I note, in passing, that the second three-bedroom apartment agreed to by the planners and urban designers as being a desirable contribution to the apartment mix of the building is to be located on the north-eastern corner of Level 3 immediately below.
The second of the Council's residual issues, concerning the appropriate approach to ensure that there is a 2.7m floor-to-ceiling height guaranteed for all the habitable rooms in all apartments within the development has been determined by me, for the reasons earlier set out, in favour of the approach advocated by the development proponents.
Setting aside those two issues, it is clear that with the agreed resolution between the various experts of the other design matters that had remained of concern to the Council in the Revision G Plans, the Council does not support any of the issues raised by the objectors as warranting any further alteration to the proposal let alone providing any basis for refusal of the development as finally will be approved.
[3]
Outcomes of objector concerns - general
The matters raised in the public submissions fell into the following groupings:
Acoustic impacts on 230 Elizabeth Street;
General amenity impacts on the locality during construction;
Incompatible bulk and scale - the proposal is an overdevelopment of the site;
Inconsistencies in the plans;
Loss of amenity to 37-51 Foster Street by overshadowing and overlooking of the internal courtyard and windows onto it;
Non-compliance with the DCP height control of five storeys;
Overshadowing of balconies and windows of other apartments in the vicinity;
Privacy impacts on existing apartments in the vicinity;
Reduction in property values;
The architectural design is incompatible with the area; traffic and parking impacts on the immediate local street network, including during construction;
The impact on views to the city skyline, Central Railway Station, Belmore Park and other aspects of the locality from existing residences; and
Views from the public domain to the heritage listed Edwards & Co building in Foster Street and the impact on the heritage value of this building.
Virtually all of the objector concerns were considered and dealt with (to the extent that changes to the proposal were appropriate to address them) by the expert conferencing process.
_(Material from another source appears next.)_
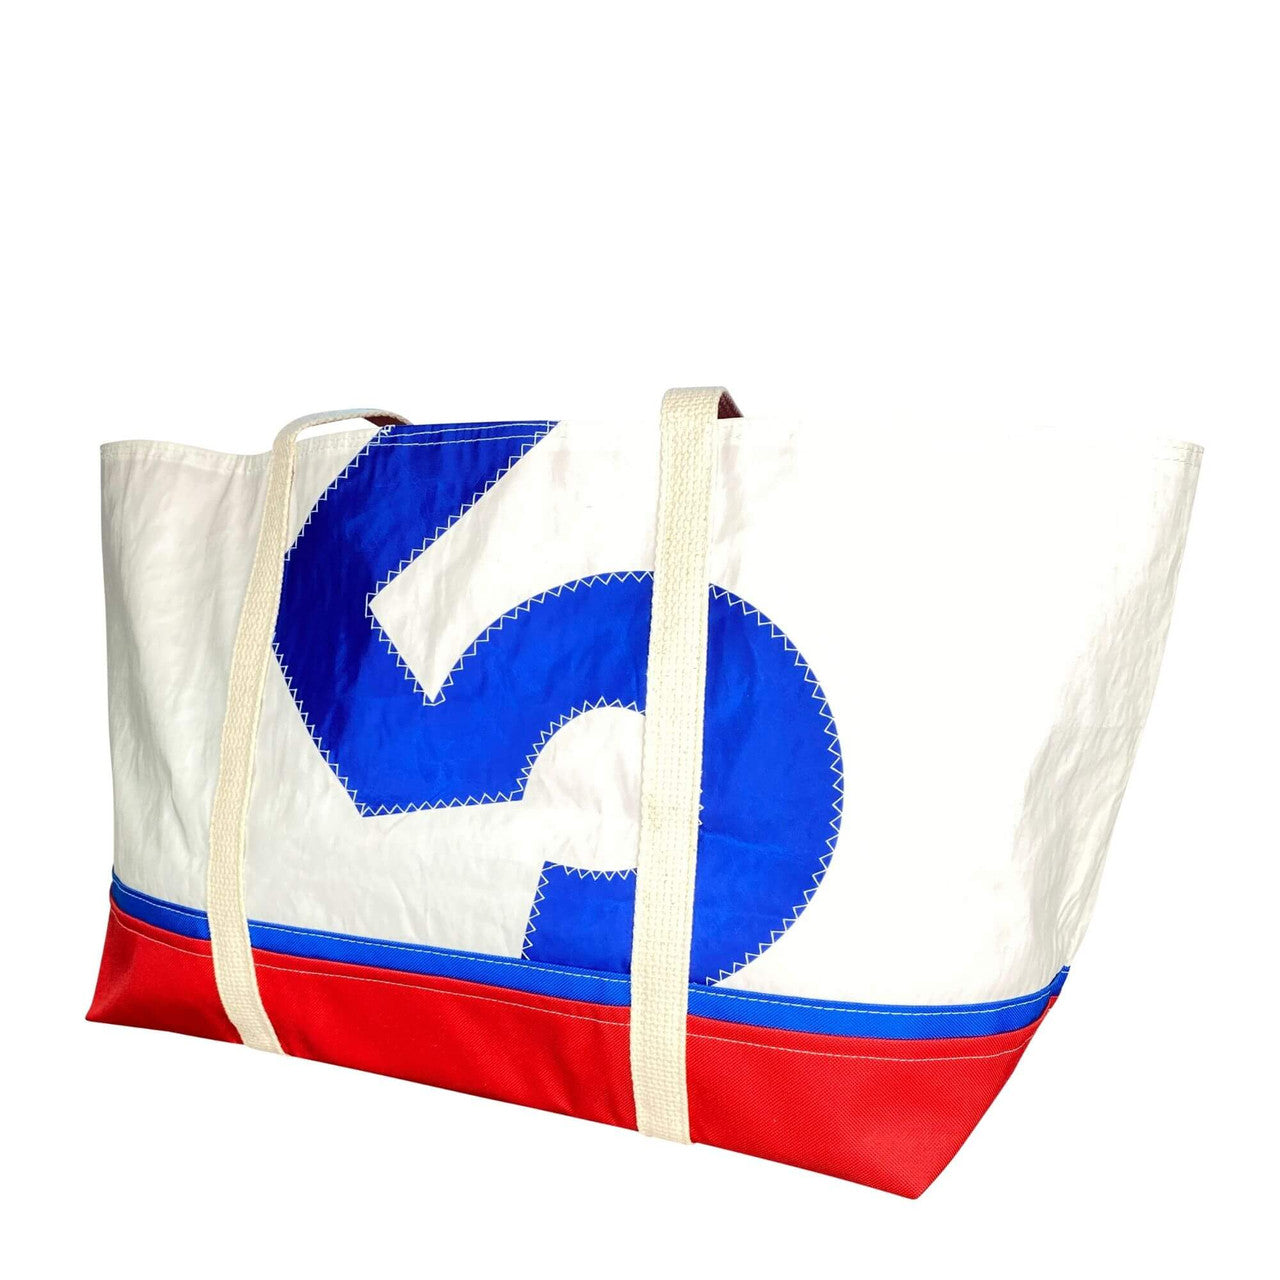 Recycled Sail Bag, Tote Bag Handmade from Sails, Blue & Red – New

As a consequence of these expert agreements (the outcomes of which, in my assessment, do not warrant further consideration save for my acknowledgement that I have read all of the individual and joint expert reports), those matters have been appropriately and adequately addressed to the extent that they are valid.
To the extent that there are agreed outcomes contained in these joint expert reports, the outcomes have included further modifications to the design in many instances. An example of this is the fact that there has been a revised construction traffic management plan prepared that has the effect of, I am satisfied, appropriately responding to the concerns of the objectors, to the extent that it is possible to do so if a construction project of this nature is to be undertaken on the site.
[4]
Internal design deficiencies
As earlier noted, in the Council's Amended Statement of Facts and Contentions relating to the Revision F Plans, matters were raised dealing with other matters canvassed in the objection:
deficiencies in detail or inconsistency in the plans;
whether there were sufficient of the proposed apartments provided with either cross-ventilation or natural ventilation (there being a difference between the two with naturally ventilated apartments being ventilated by shafts opening at the roof); and
whether sufficient of the apartments achieved adequate solar performance.
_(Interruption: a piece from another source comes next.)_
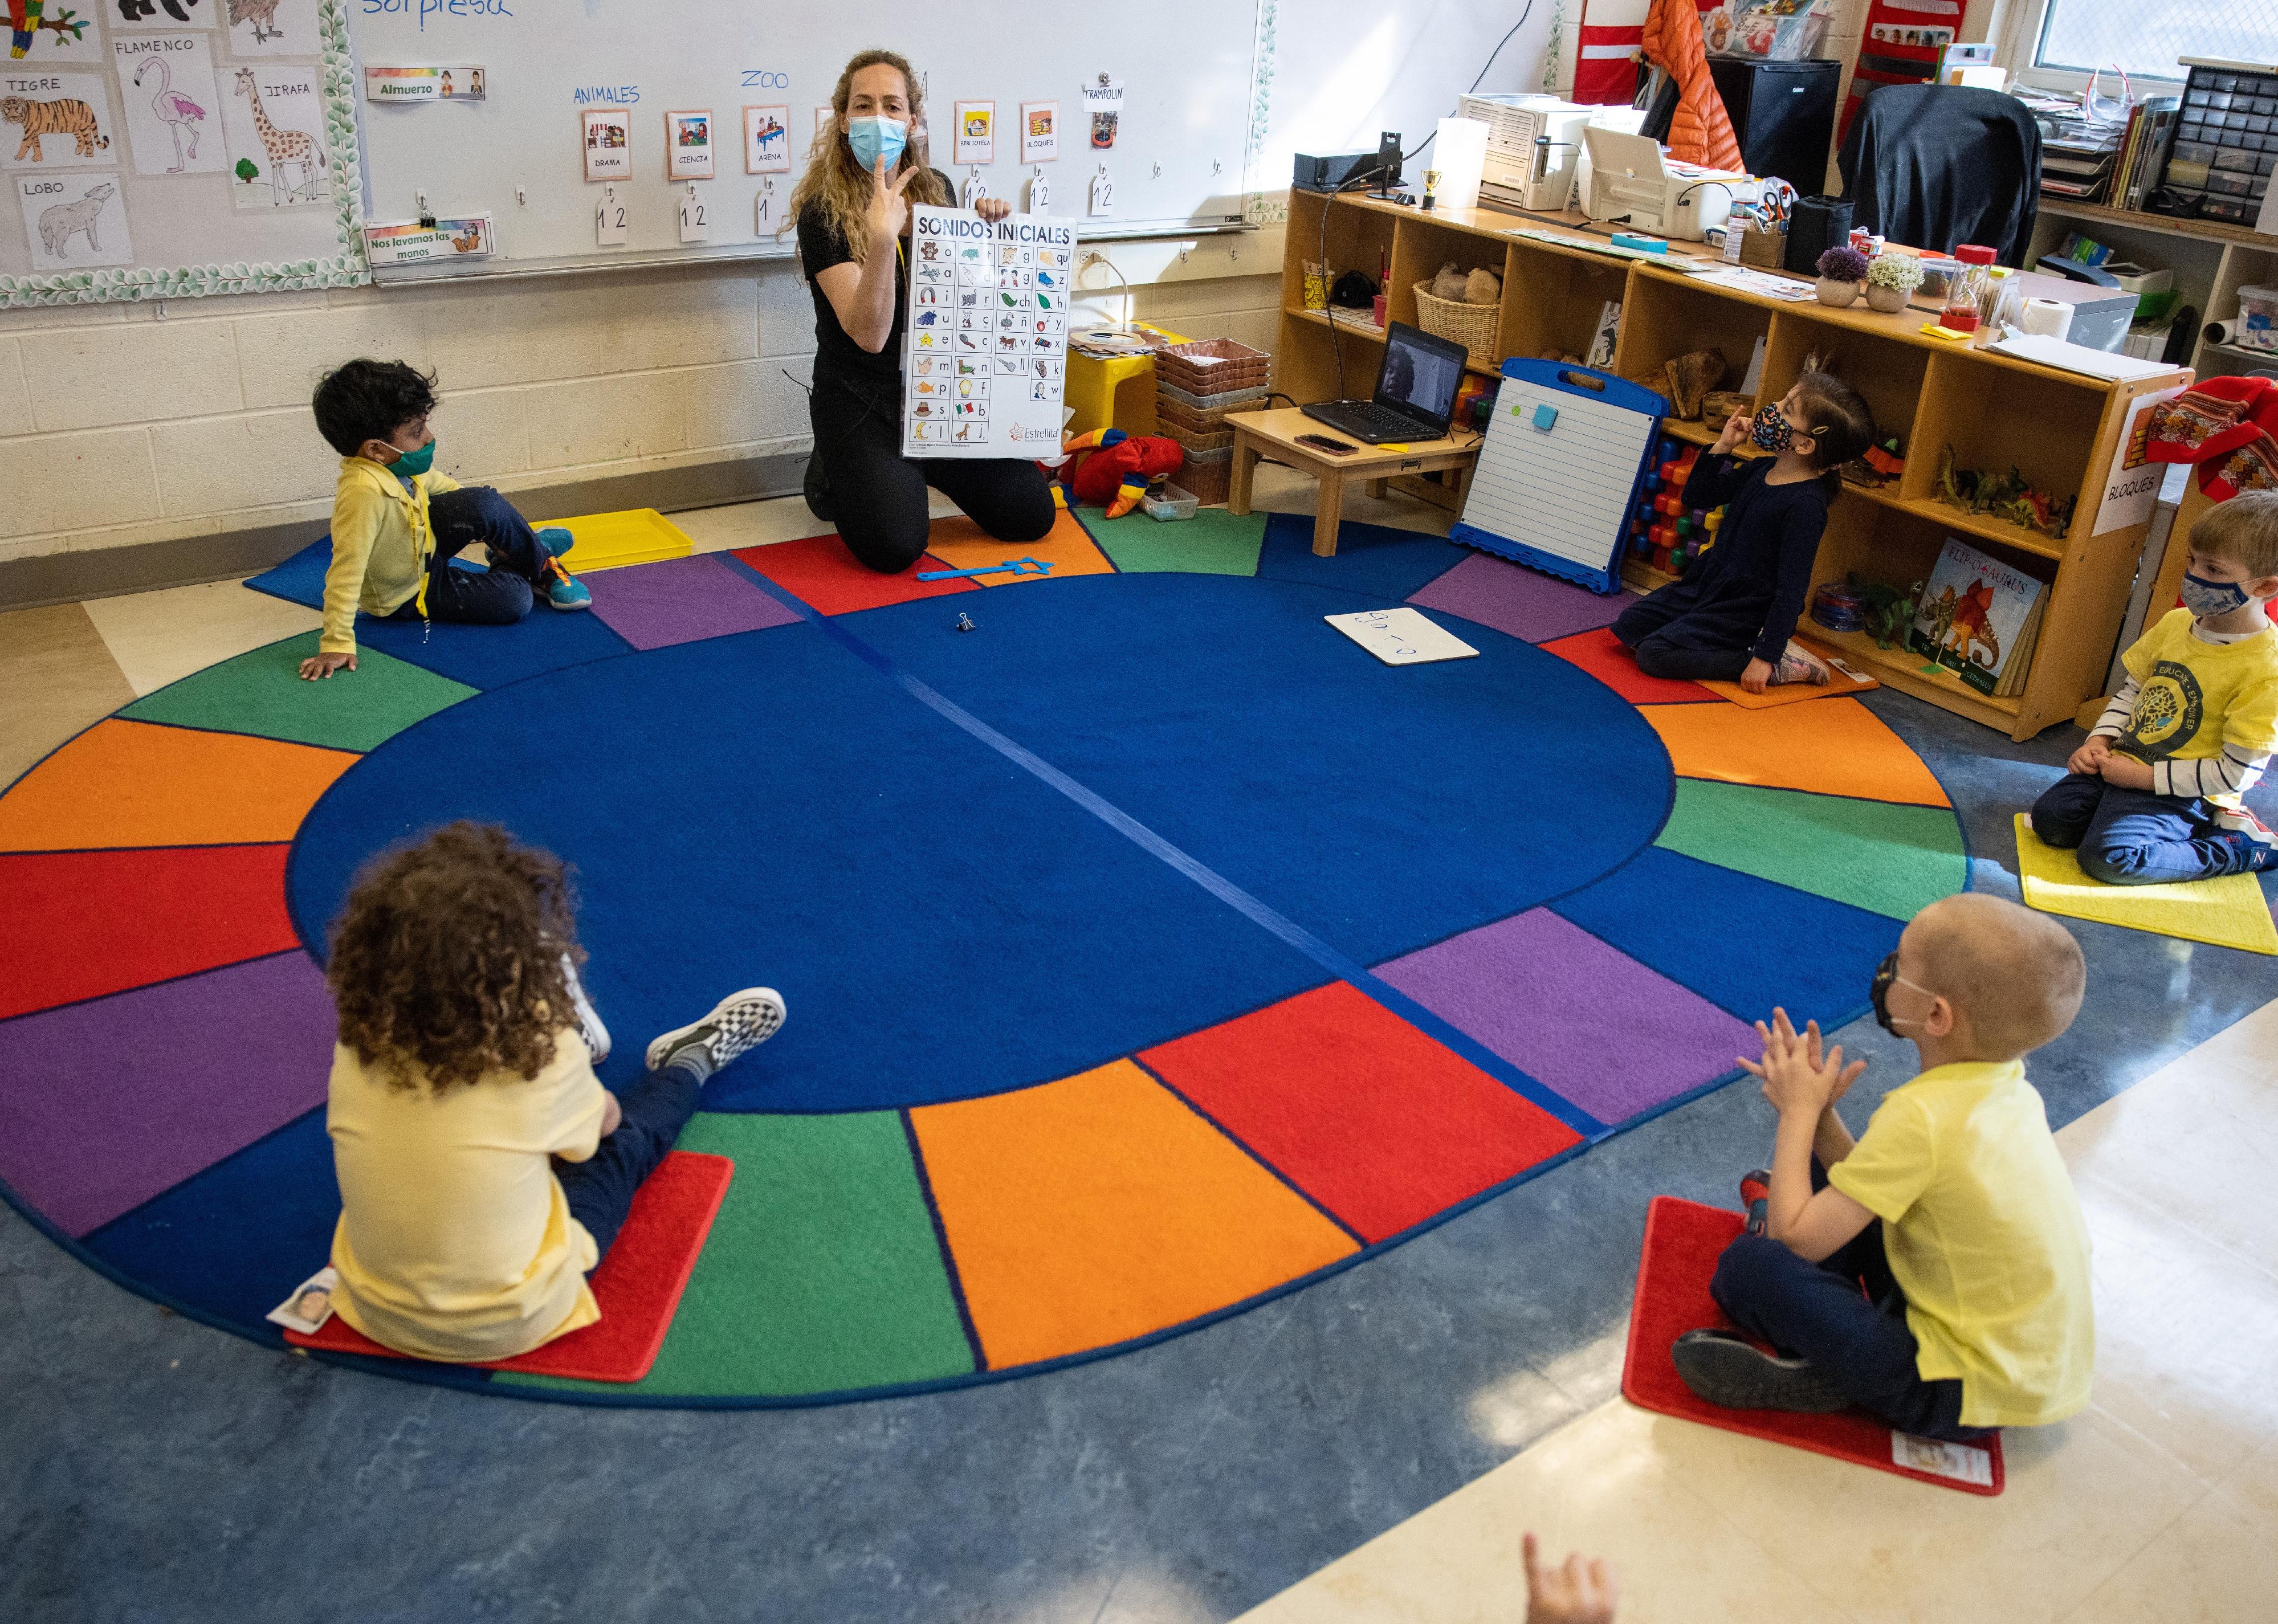 A teacher holding up a bilingual poster and using hand signals to communicate with children in a circle on the floor.

As I have earlier indicated, these issues were resolved, at least in part, by the Revision G Plans whilst further progress has been made through the ongoing discussion process arising out of these appeal proceedings. All three of these matters, however, were raised by the objectors to the proposal so, it is appropriate to set out the following, relevant final positions:
Prior to the making of orders to grant development consent, the development proponents will need to provide to the Council and the Court a set of final revised plans incorporating all the changes agreed to by the various experts as addressing internal issues and ensuring that all of the plans are consistent, one with the other. These plans will need to be provided in a fashion that satisfies the Council that the agreed positions have now been reflected in a final set of plans to which approval can be given;
The relevant groupings of experts have now agreed that there are now an appropriate number of apartments with satisfactory ventilation (of either type earlier noted) and an appropriate number of apartments with satisfactory solar performance; and
I have read the various individual and joint expert reports that touch upon these topics as they were tendered during the proceedings and form part of the evidence. I am satisfied that there is no basis upon which I could reject the agreed expert outcomes and require any further modification to the final agreed design (let alone refuse the project on any such basis).
[5]
Specific objector matters requiring specific comment
There are, however, two matters raised by the objectors to which it is appropriate that I respond specifically as they are matters that are, in one instance, entirely outside the scope of planning law to consider, and, in the other, an agreement reached between the Council and the development proponents permitting an eight story building when the DCP storey control map envisages a five storey building on the site.
[6]
Impact on property values
Objection is made to the proposal on the basis that a consequence of the alteration of outlook and the removal of views to the west and north-west from apartments to the east or south-east of the site will have an adverse impact on the value of the properties involved.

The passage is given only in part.